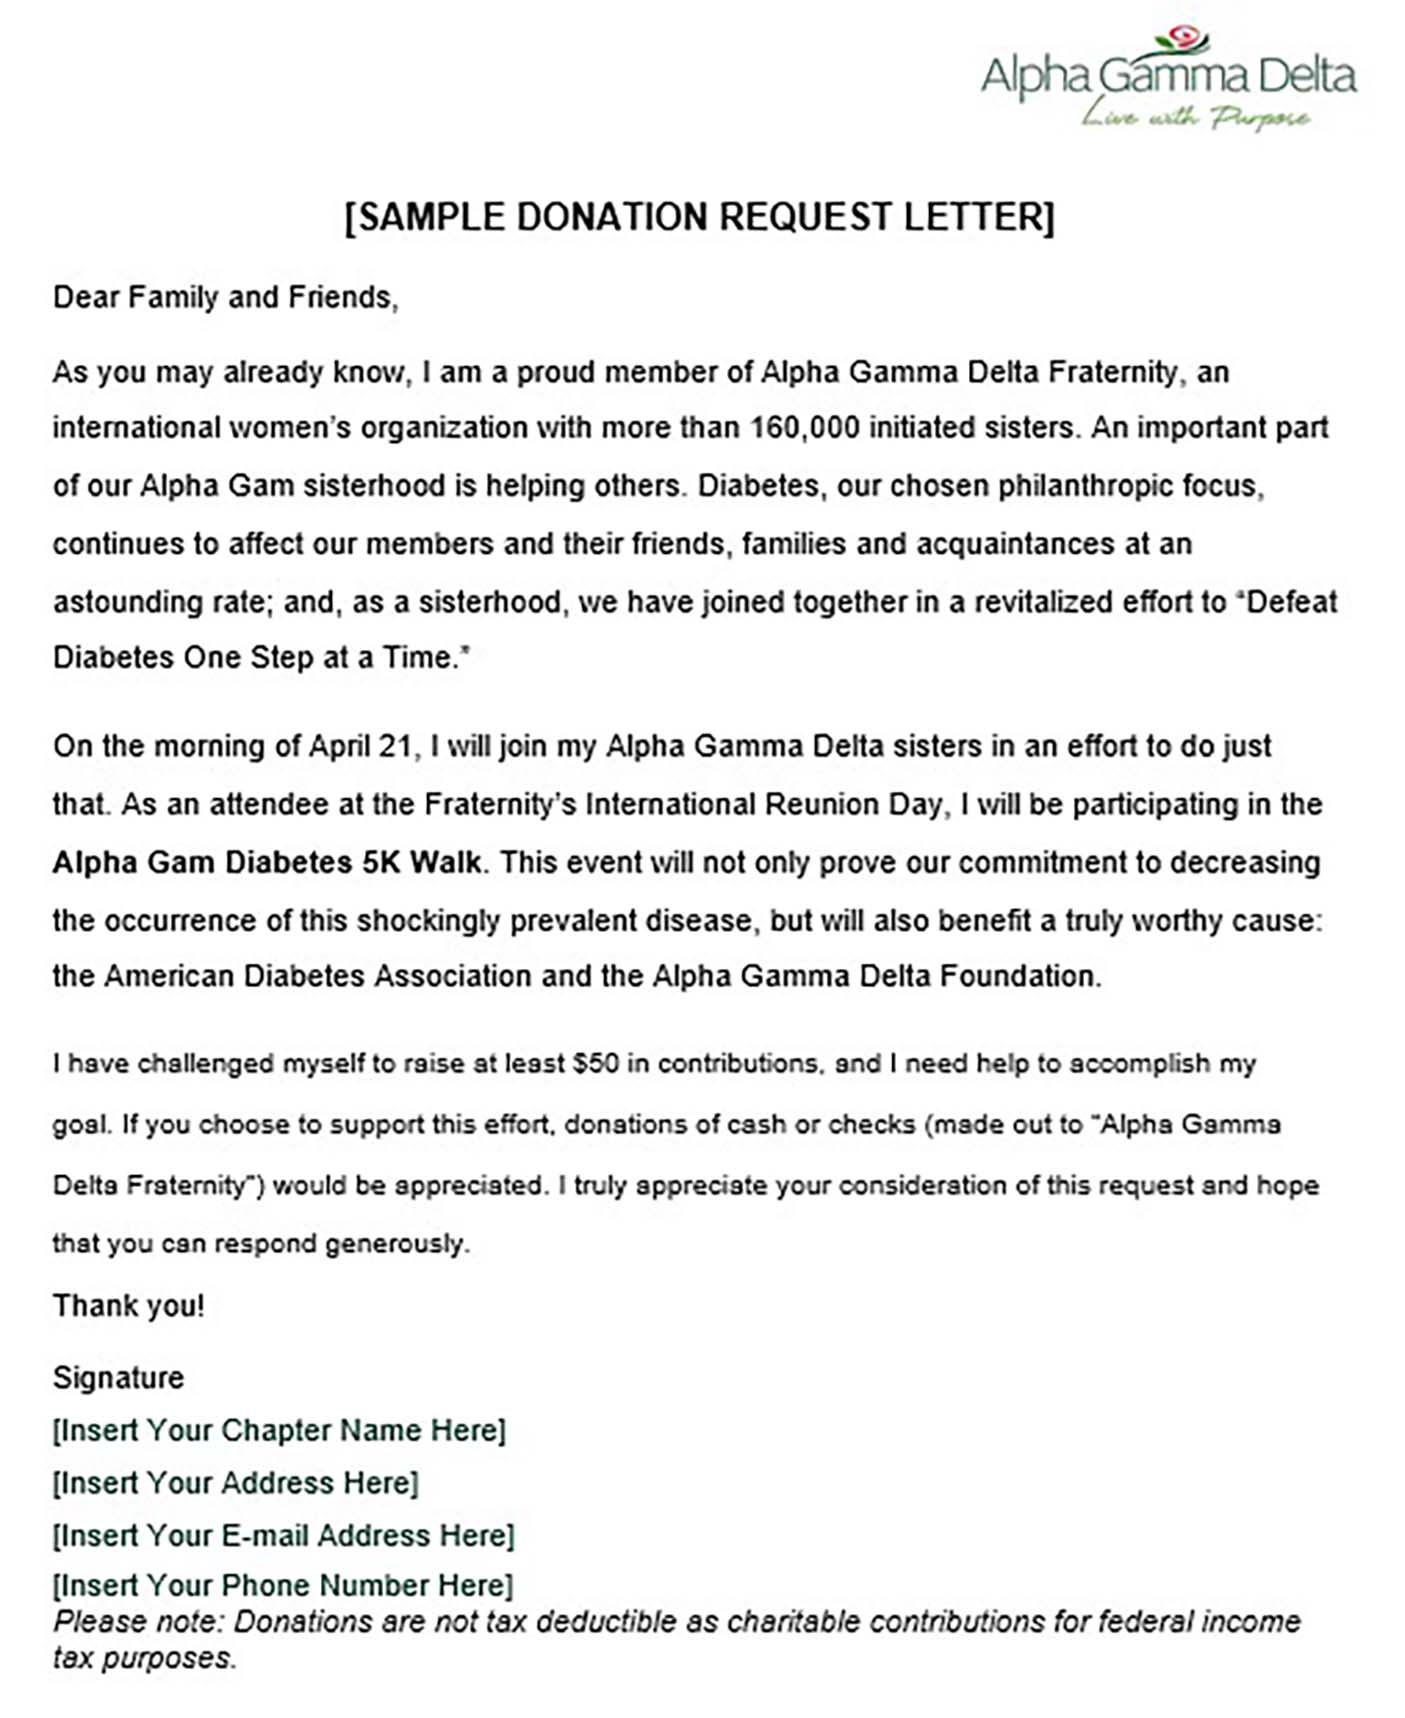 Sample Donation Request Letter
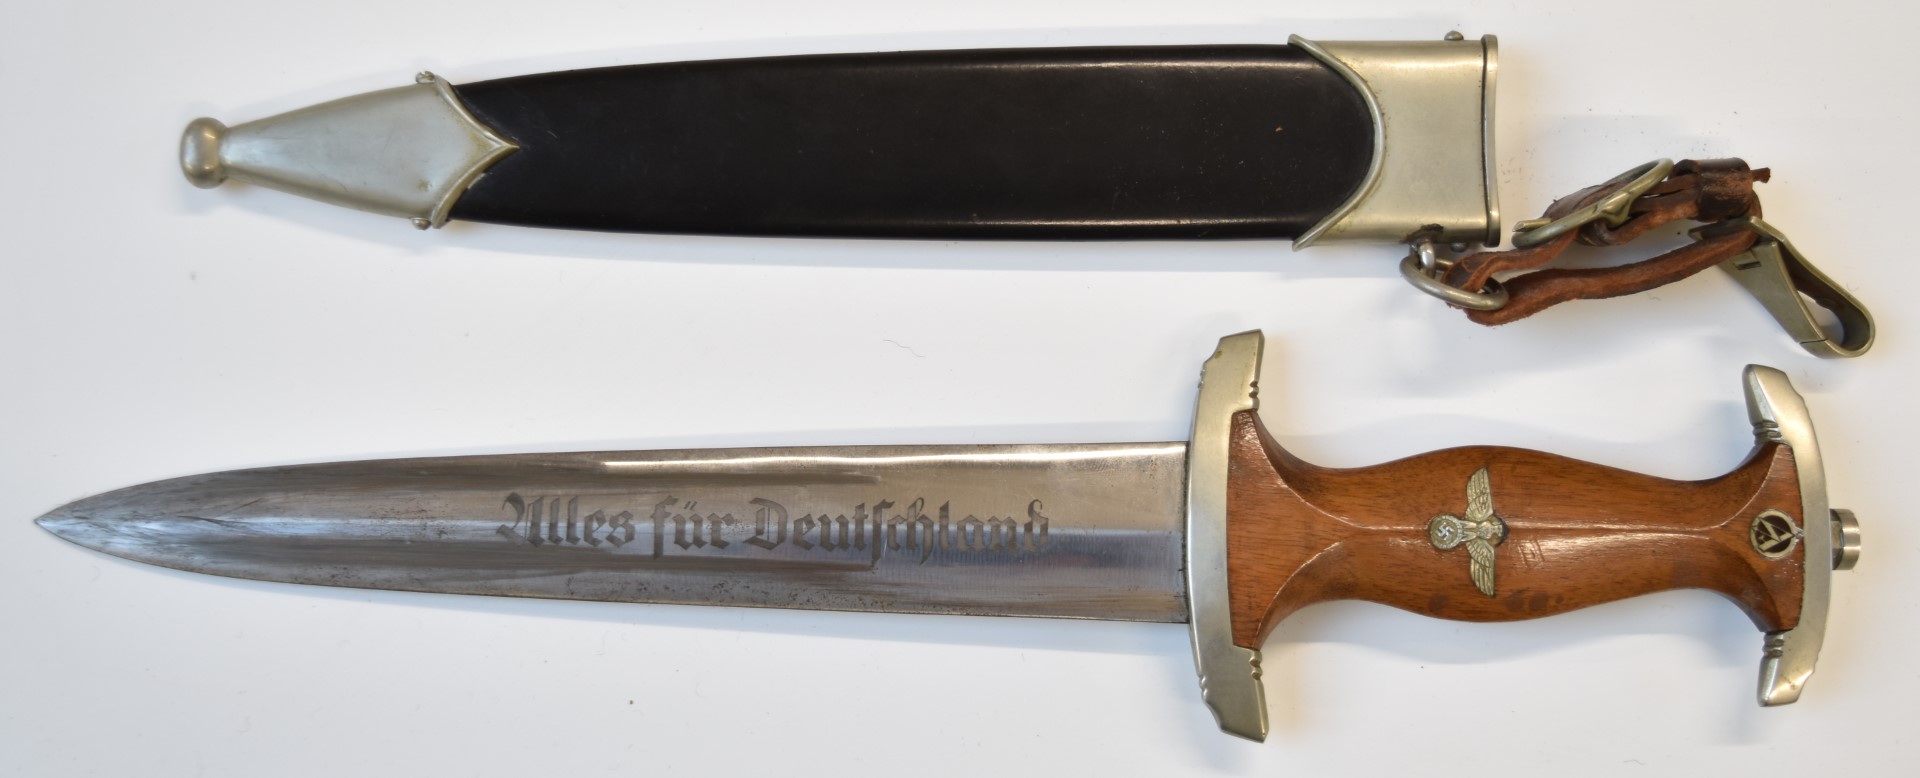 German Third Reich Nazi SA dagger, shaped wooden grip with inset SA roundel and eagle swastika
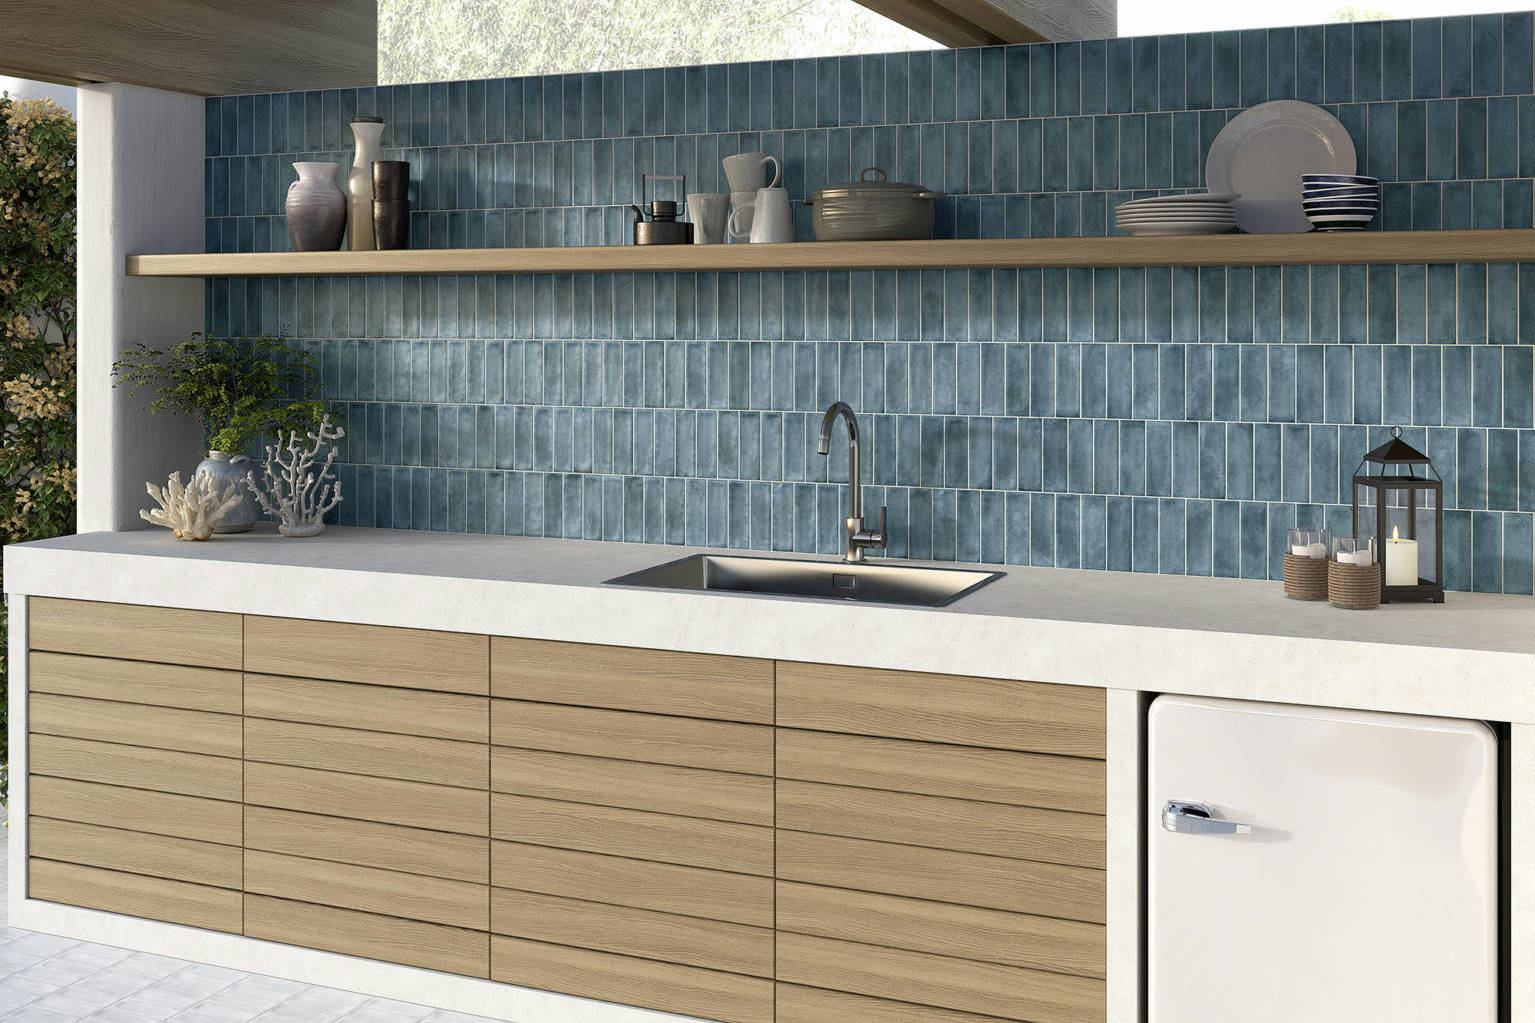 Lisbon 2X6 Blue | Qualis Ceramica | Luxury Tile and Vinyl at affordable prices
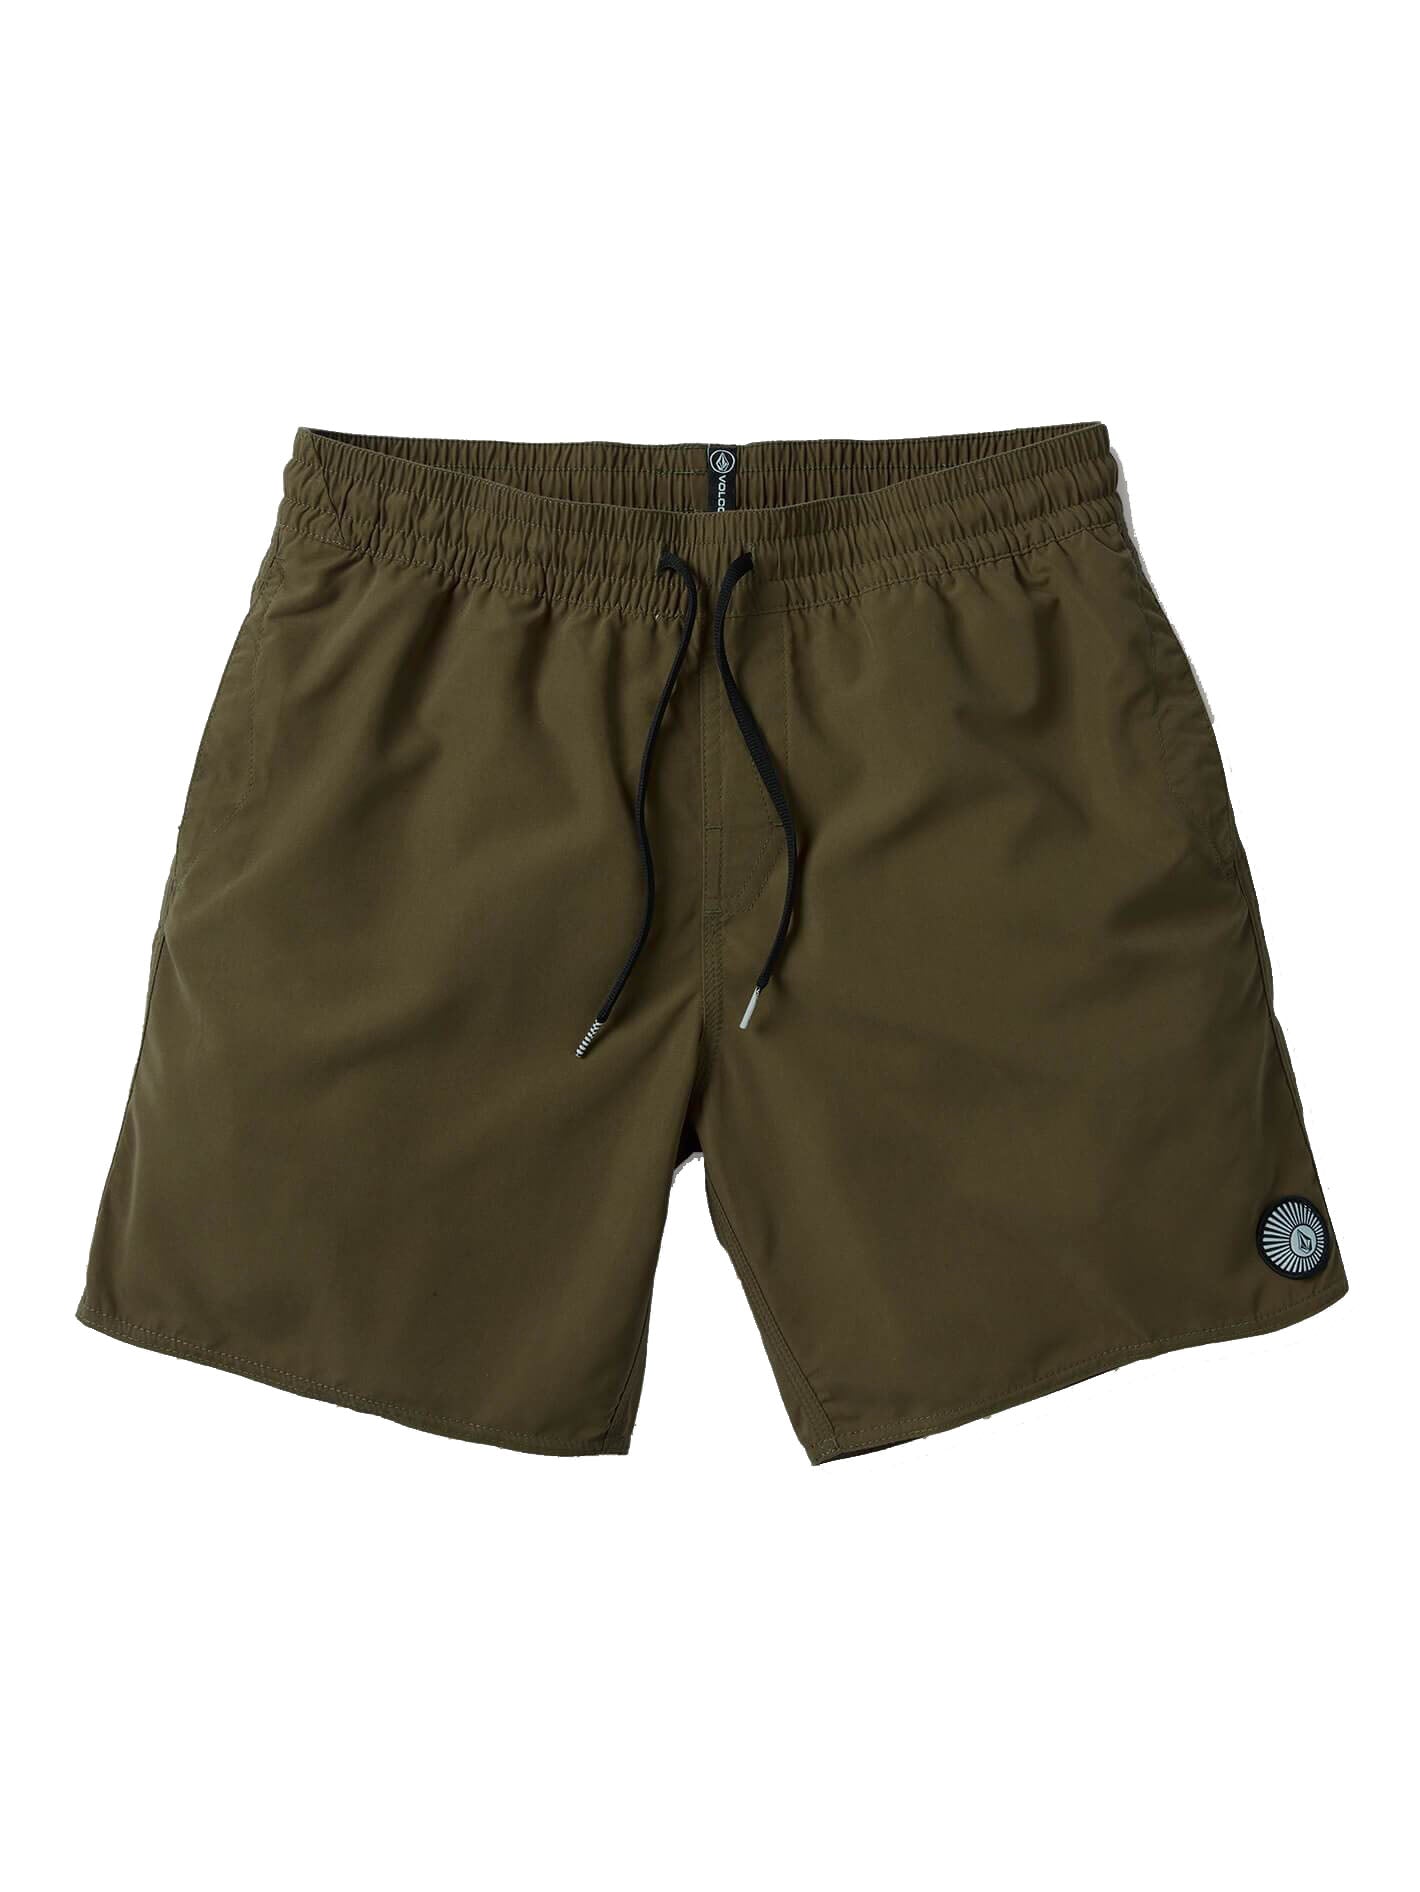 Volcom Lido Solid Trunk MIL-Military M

Problem →
The data shown above must be printed again exactly, with no images included.

Written response →
 Sample Donation Request Letter
 German Third Reich Nazi SA dagger, shaped wooden grip with inset SA roundel and eagle swastika
 Lisbon 2X6 Blue | Qualis Ceramica | Luxury Tile and Vinyl at affordable prices
 Volcom Lido Solid Trunk MIL-Military M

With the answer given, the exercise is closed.